Luminescent
materials produced by the MIT team are shown under ultraviolet light,
emitting different
colors of light that can be modified by their environmental conditions.
These
light-emitting beads were made by materials science and engineering
students Caroline
Liu and Rebecca Gallivan. Photo: Tara Fadenrecht
New family of luminescent materials could find broad uses in
chemical and biological detectors.
(September 4, 2015) Researchers
at MIT have developed a family of materials that can emit light of precisely
controlled colors — even pure white light — and whose output can be tuned to
respond to a wide variety of external conditions. The materials could find a
variety of uses in detecting chemical and biological compounds, or mechanical
and thermal conditions.
The material, a metallic polymer gel made using rare-earth
elements, is described in a paper in the Journal of the American Chemical
Society by assistant professor of materials science and engineering Niels
Holten-Andersen, postdoc Pangkuan Chen, and graduate students Qiaochu Li and
Scott Grindy.
The material, a light-emitting lanthanide metallogel, can be
chemically tuned to emit light in response to chemical, mechanical, or thermal
stimuli — potentially providing a visible output to indicate the presence of a
particular substance or condition.
The new material is an example of work with biologically
inspired materials, Holten-Andersen explains. “My niche is biomimetics — using
nature’s tricks to design bio-inspired polymers,” he says. There are an amazing
variety of “really funky” organisms in the oceans, he says, adding: “We’ve
barely scratched the surface of trying to understand how they’re put together,
from a chemical and mechanical standpoint.”
Luminescent
materials produced by the MIT team are shown under ultraviolet light,
emitting different
colors of light that can be modified by their environmental conditions.
These
light-emitting beads were made by materials science and engineering
students Caroline
Liu and Rebecca Gallivan.

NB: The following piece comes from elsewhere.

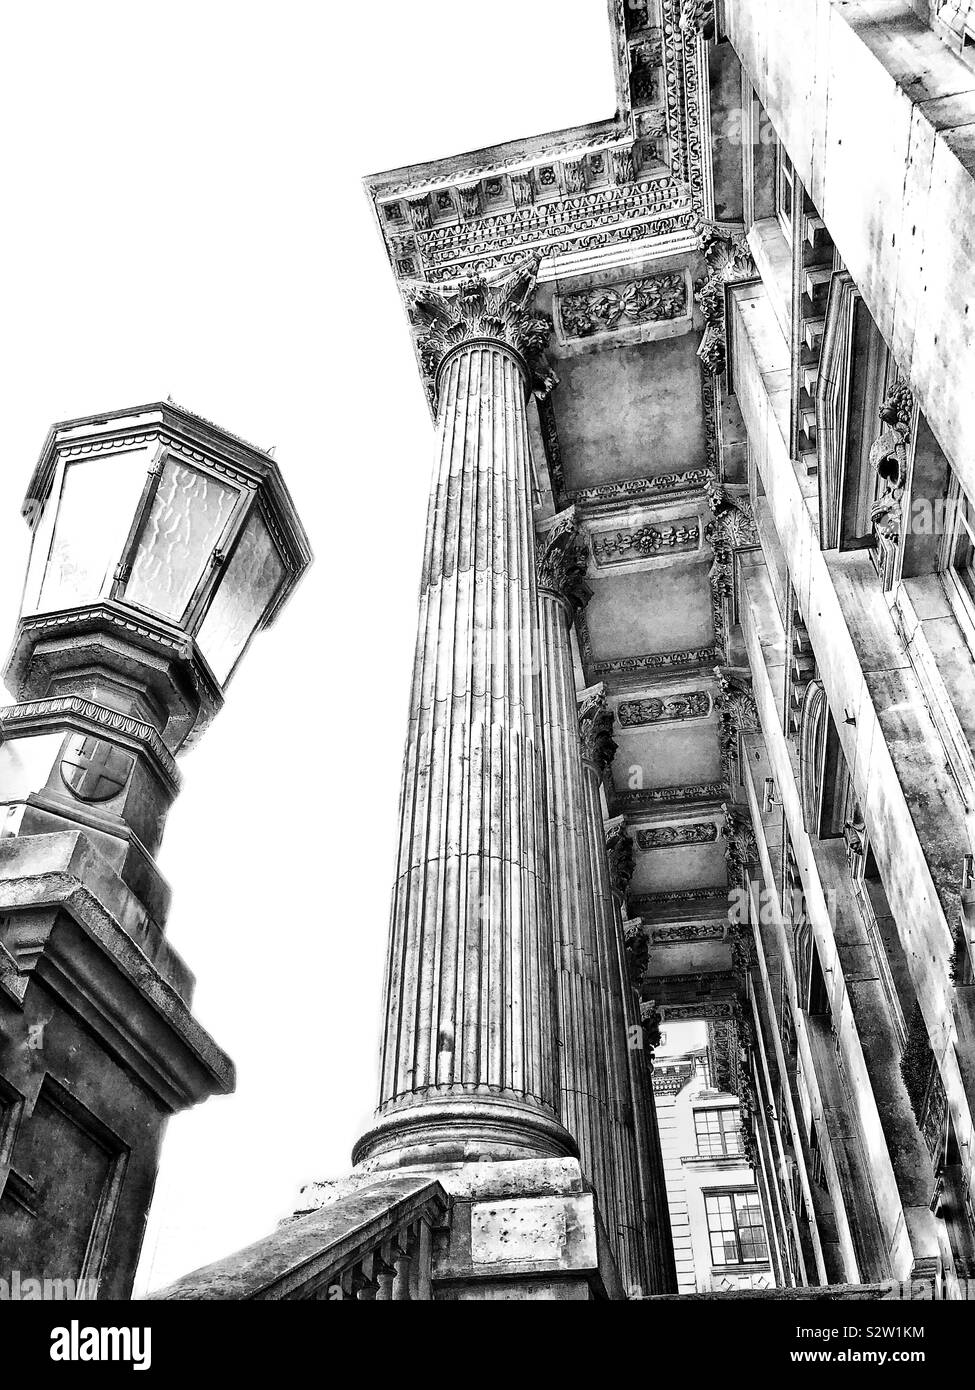 Close up de l'hôtel particulier du xviiie siècle, l'architecture palladienne dans la ville de Londres, en Angleterre. Banque D'Images

Photo: Tara Fadenrecht
Studying such natural materials, evolved over millions of
years to adapt to challenging environmental conditions, “allows us as engineers
to derive design principles” that can be applied to other kinds of materials,
he adds.
Holten-Andersen’s own research has examined a particular
kind of crosslinking in the threads mussels use to anchor themselves to rocks,
called metal-coordination bonds. These bonds, he adds, also play an important
role in many biological functions, such as binding oxygen to hemoglobin in red
blood cells.
He emphasizes that the idea is not to copy nature, but to
understand and apply some of the underlying principles of natural materials; in
some cases, these principles can be applied in materials that are simpler in
structure and easier to produce than their natural counterparts.